The lines below, from the one holding "Oak Pass Ranch" through the final line, are to be copied exactly, with no other lines and no pictures.

### Data provided
──────────────────────────────

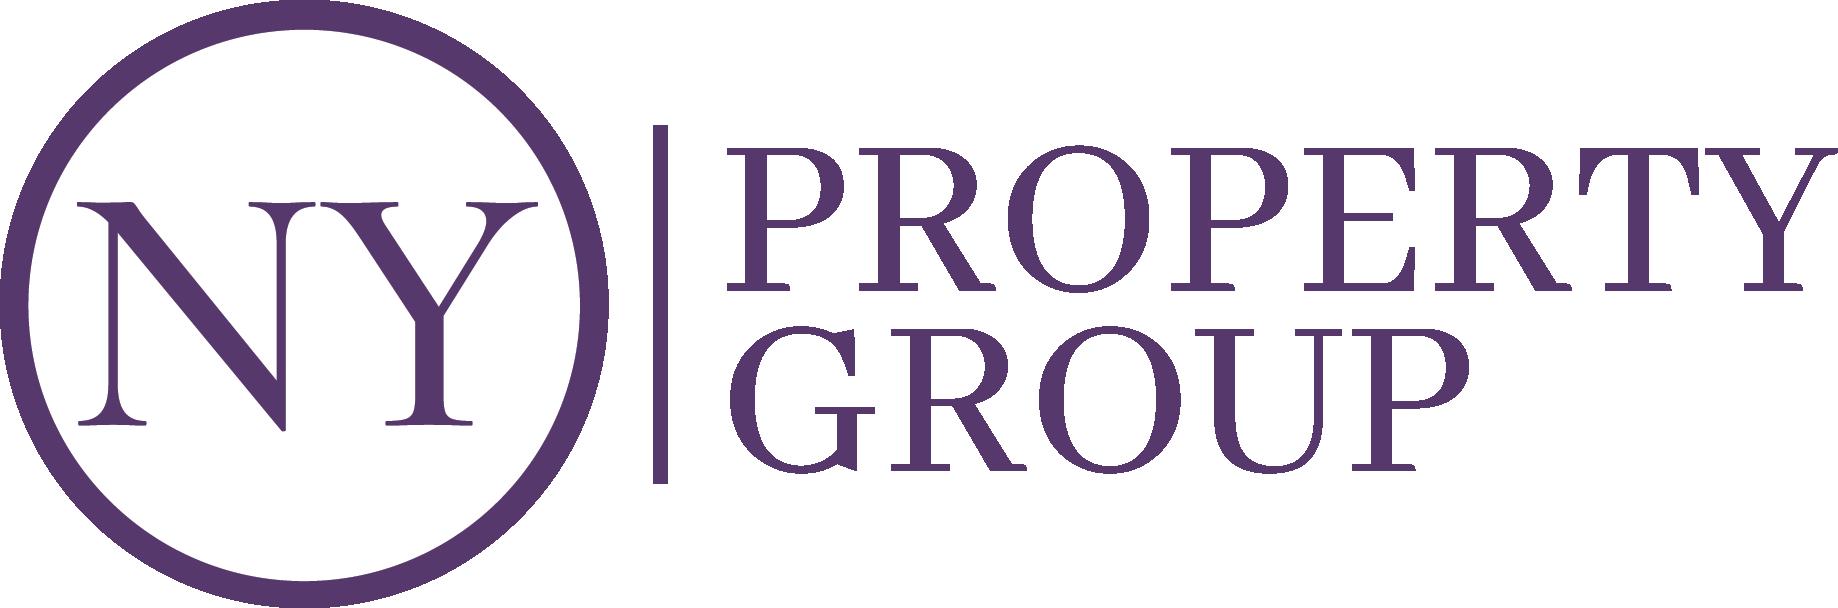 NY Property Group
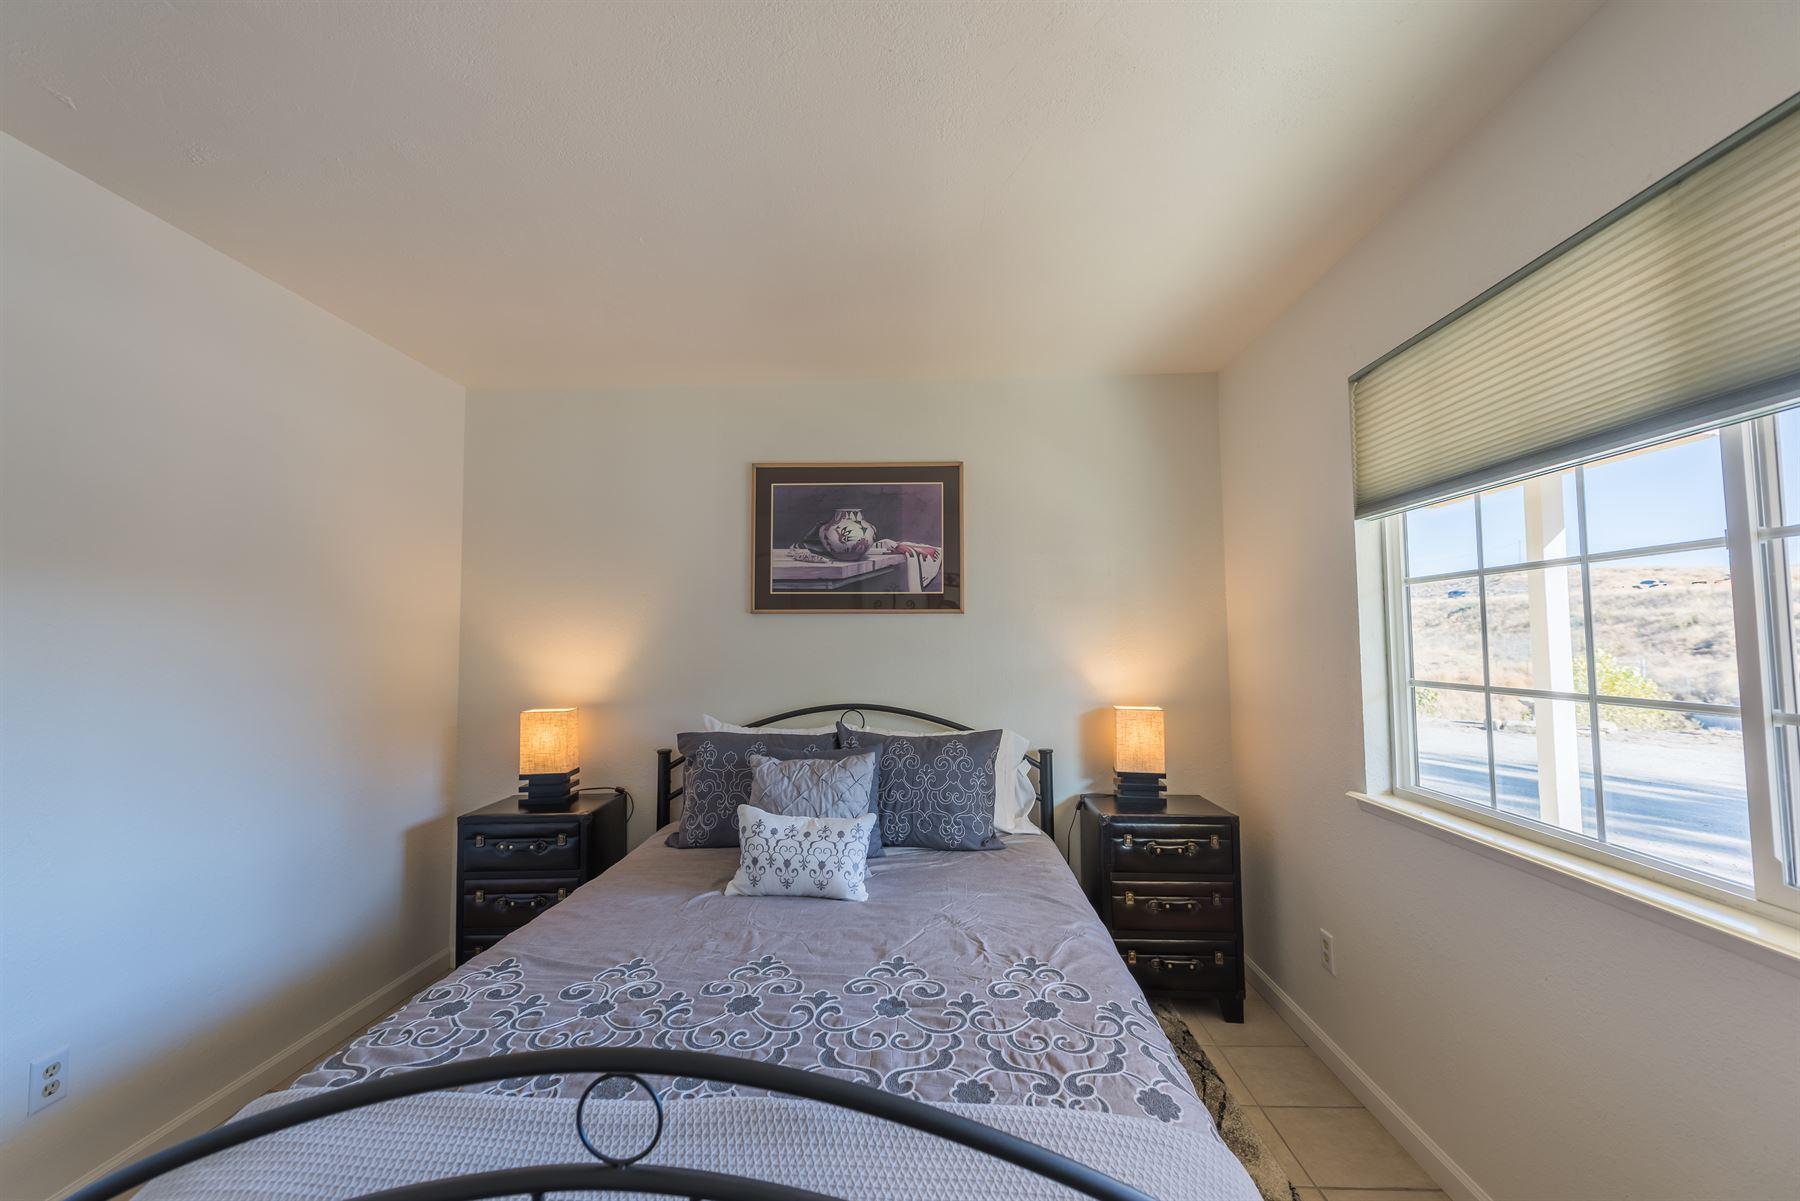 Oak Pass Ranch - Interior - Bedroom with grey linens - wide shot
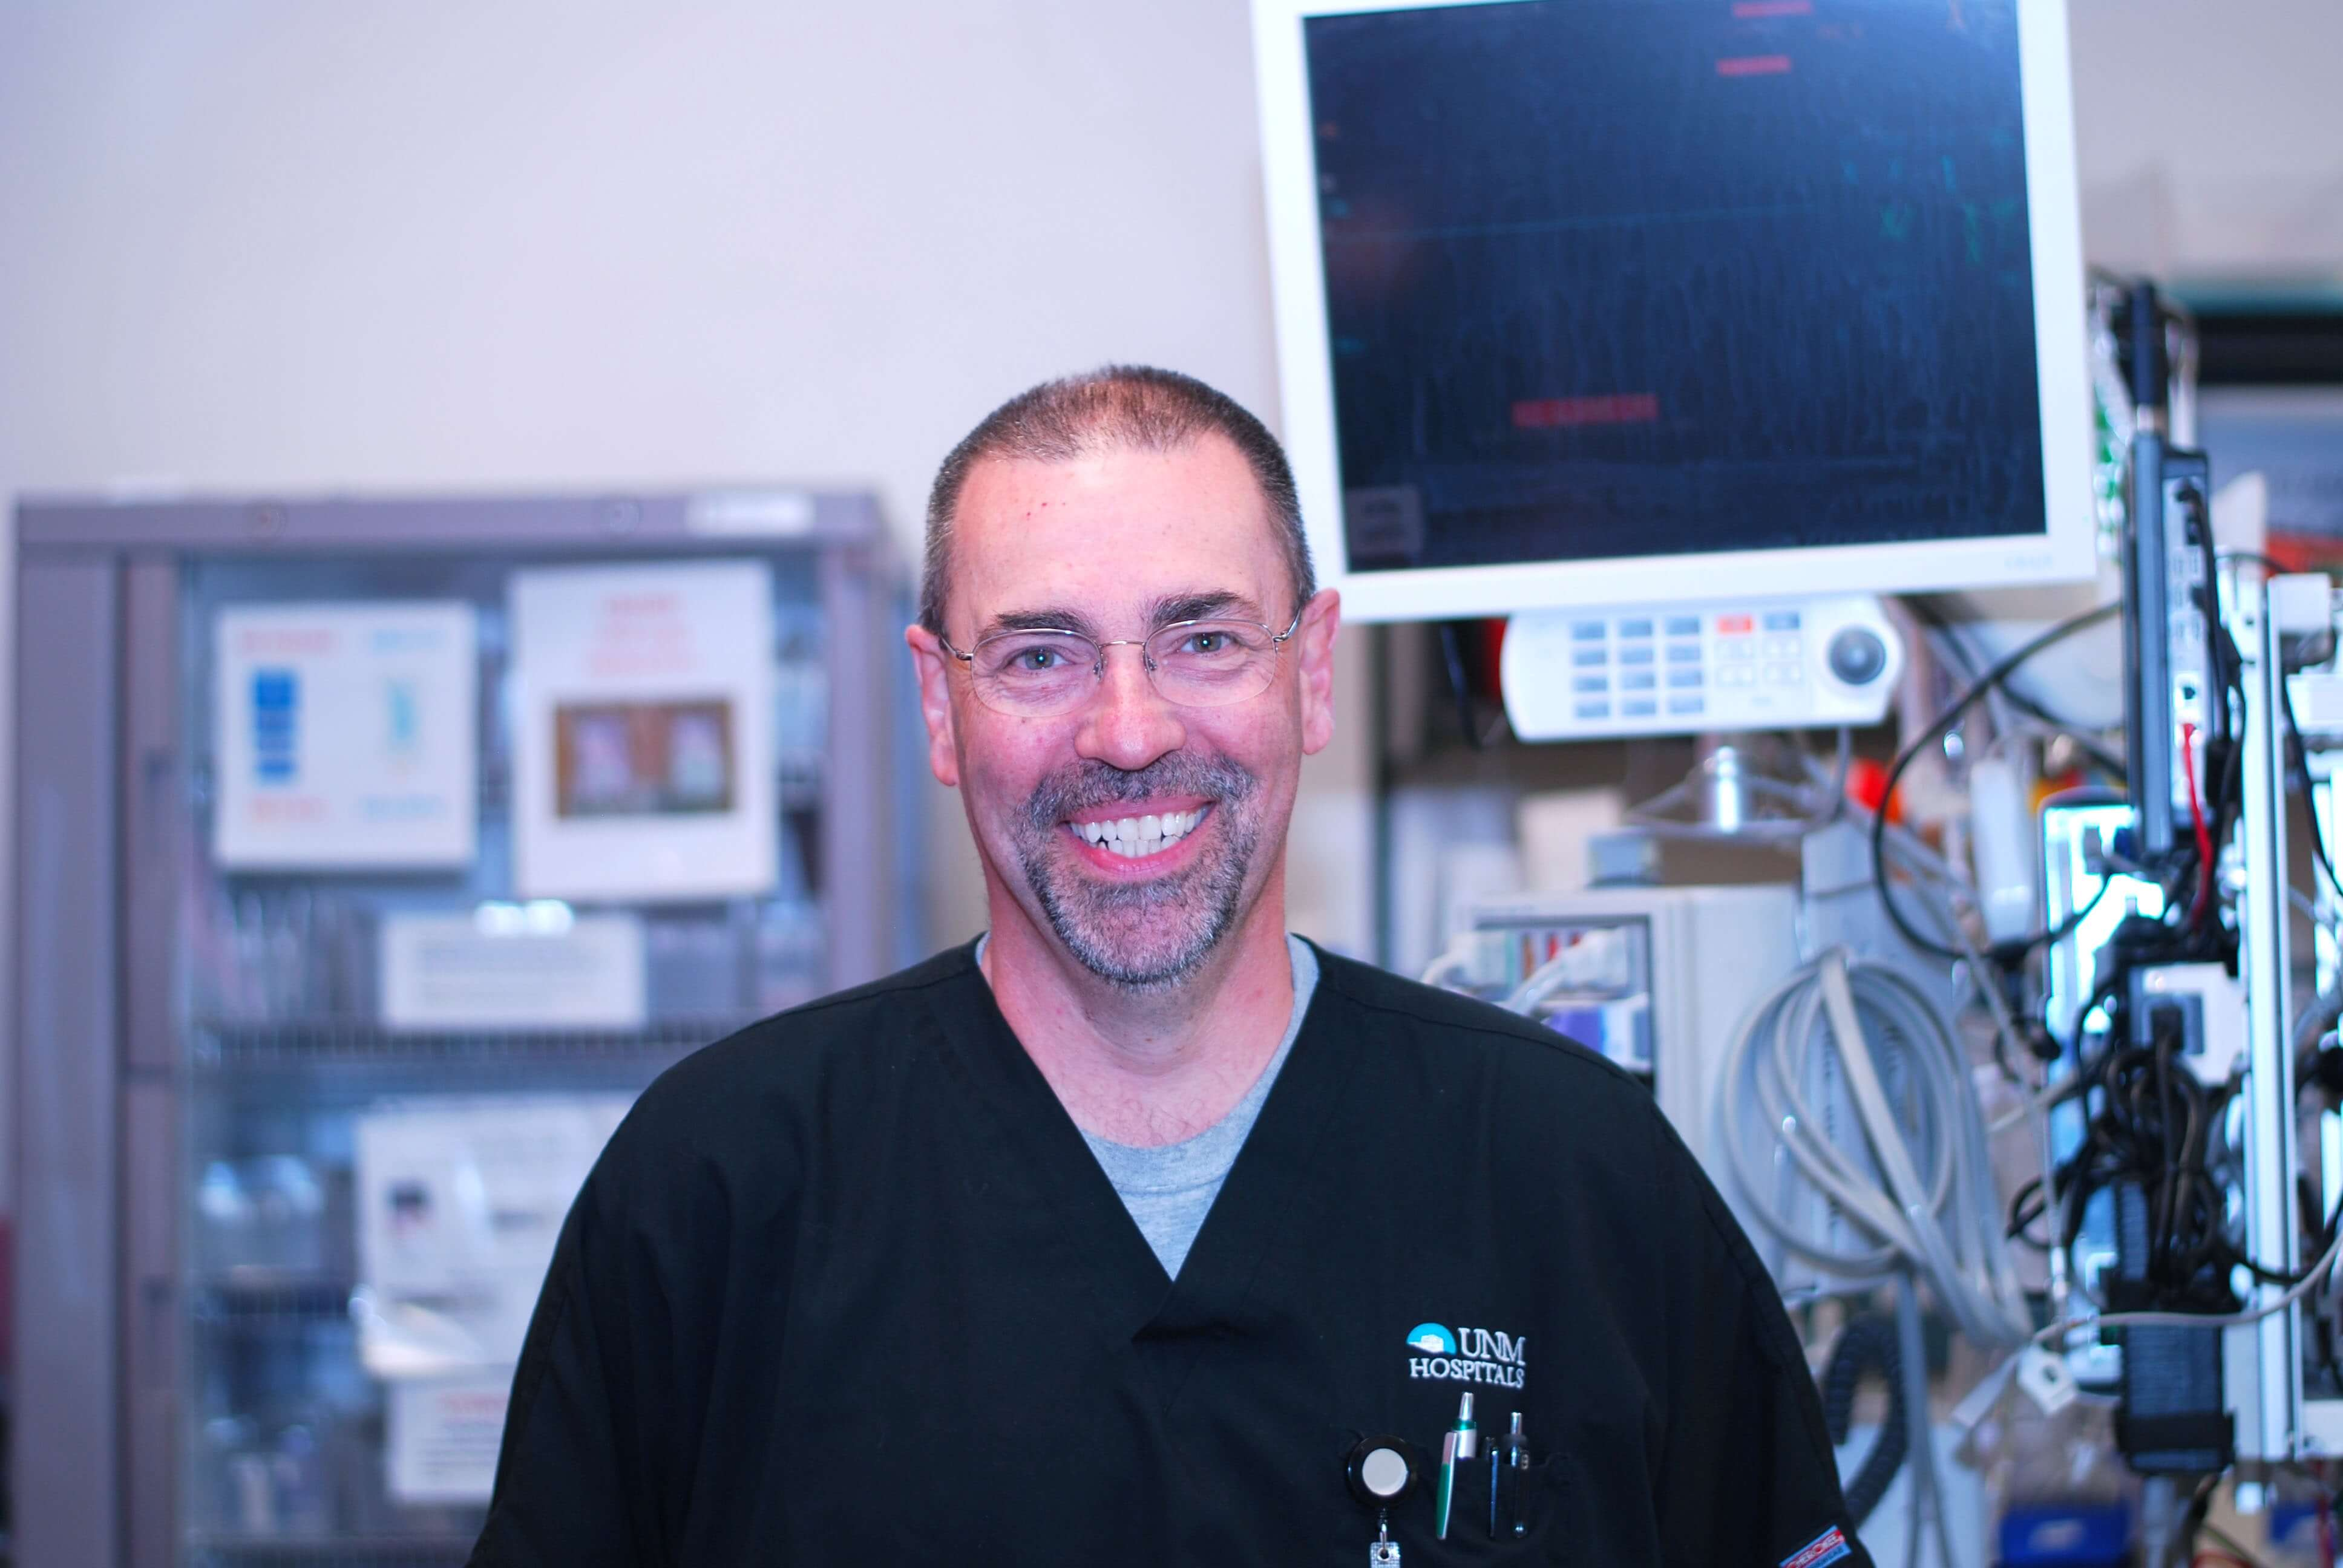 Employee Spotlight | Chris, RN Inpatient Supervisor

──────────────────────────────

### Answer to the problem
 Oak Pass Ranch - Interior - Bedroom with grey linens - wide shot
 Employee Spotlight | Chris, RN Inpatient Supervisor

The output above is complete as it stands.